Induction of 2′5′-oligoadenylate synthetase activity and a new protein by chick interferon

Abstract

Abstract Treatment of primary cultures of chick embryo cells with homologous interferon increased the activity of 2′5′-oligoadenylate synthetase in their cytoplasmic extracts. This enzyme is activated by double-stranded RNA to synthesize the novel trinucleotide pppA 2′ p 5′ A 2′ p 5′ A (and higher oligomers) which is a potent inhibitor of cell-free protein synthesis. The increase in enzyme activity was dependent upon the concentration of interferon and the time of treatment. For example, 1 unit of interferon elicited a 10-fold increase in 20 hr, whereas 100 units or more produced a 2000- to 10,000-fold increase. The kinetics of enhancement showed an initial lag of about 1 hr, followed by a 4- to 5-hr period during which the activity increased exponentially.

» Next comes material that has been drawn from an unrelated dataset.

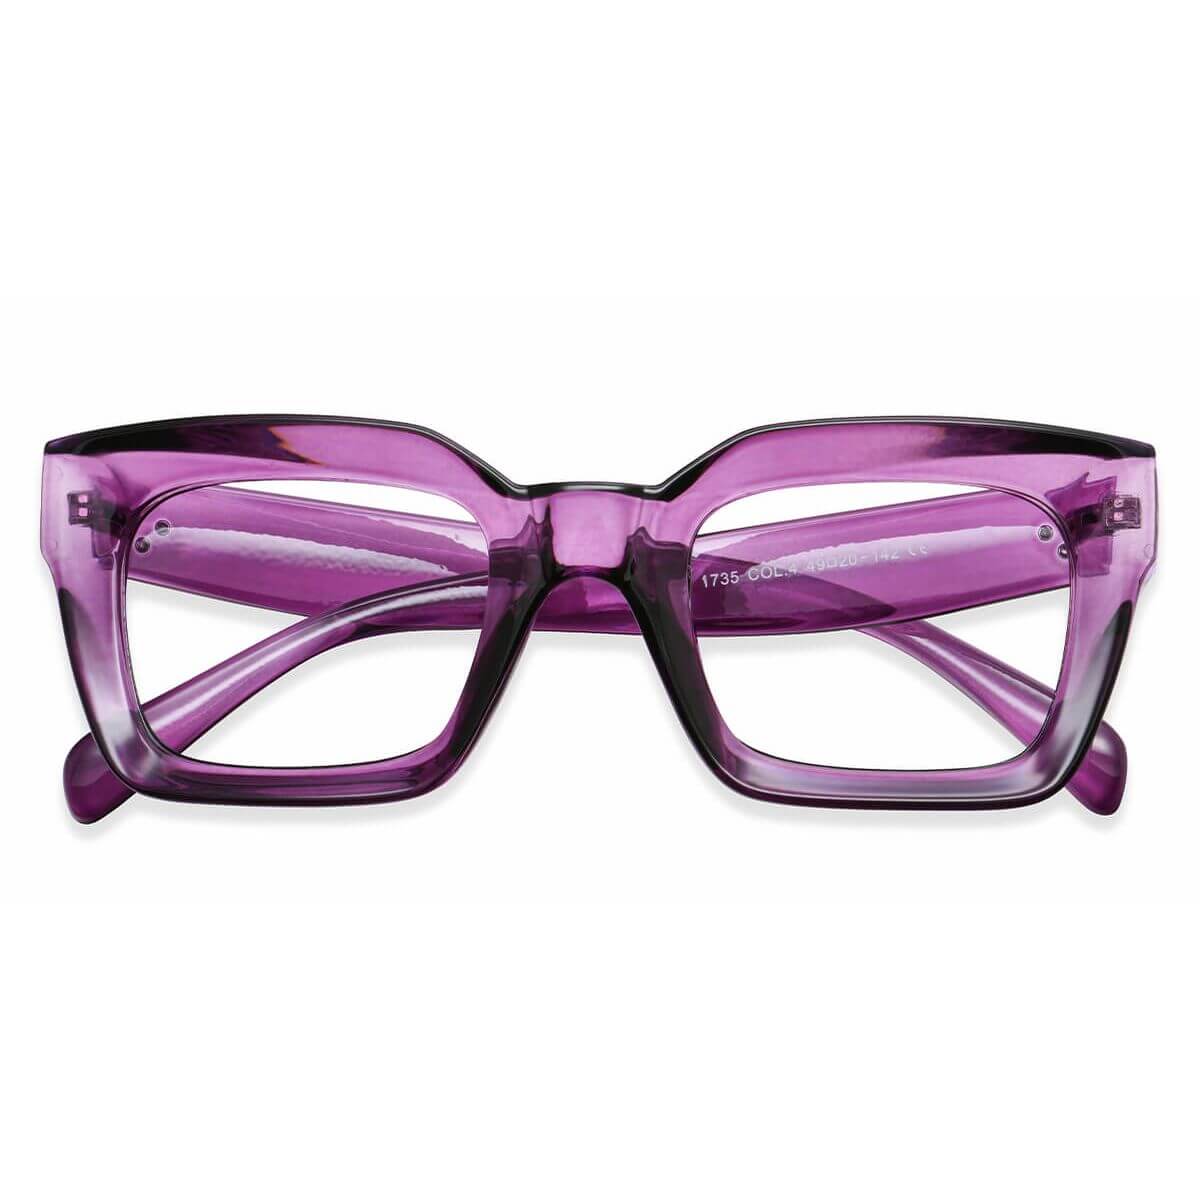 1735 Rectangle Purple Eyeglasses Frames Leoptique

Maximum levels were reached about 10 hr after interferon treatment. Neither an increase in enzyme activity, nor the establishment of a virus-resistant state was observed in cells treated with chick interferon in the presence of actinomycin D or p -fluorophenylalanine, or in cells treated with heterologous (mouse) interferon. Analysis of the proteins labeled by incorporation of [ 35 S]methionine after interferon treatment revealed the appearance of a new polypeptide in the postribosomal supernatants of interferon-treated cells. Upon gel filtration, this polypeptide coeluted with the peak of oligoadenylate synthetase activity, at 50,000–60,000 MW. It had an apparent molecular weight of 56,000 when analyzed by polyacrylamide gel electrophoresis in the presence of sodium dodecyl sulfate. Like the 2′5′-oligoadenylate synthetase activity, the 56,000-dalton polypeptide bound to polyriboinosinic acid -polyribocytidylic acid covalently attached to agarose and could be partially purified in this manner. The appearance of the polypeptide was dependent on the concentration of interferon and the time of treatment employed and was blocked by the presence of actinomycin D. Pulse-labeling studies showed that its rate of synthesis increased sharply about 2 hr after interferon treatment but decreased again about 8 hr later despite the continued presence of interferon in the medium. The possibility that the 56,000-dalton polypeptide is the oligoadenylate synthetase enzyme is being studied. Whatever the outcome, these data suggest that the enzyme and the polypeptide are each the product of a gene whose function is controlled by interferon treatment.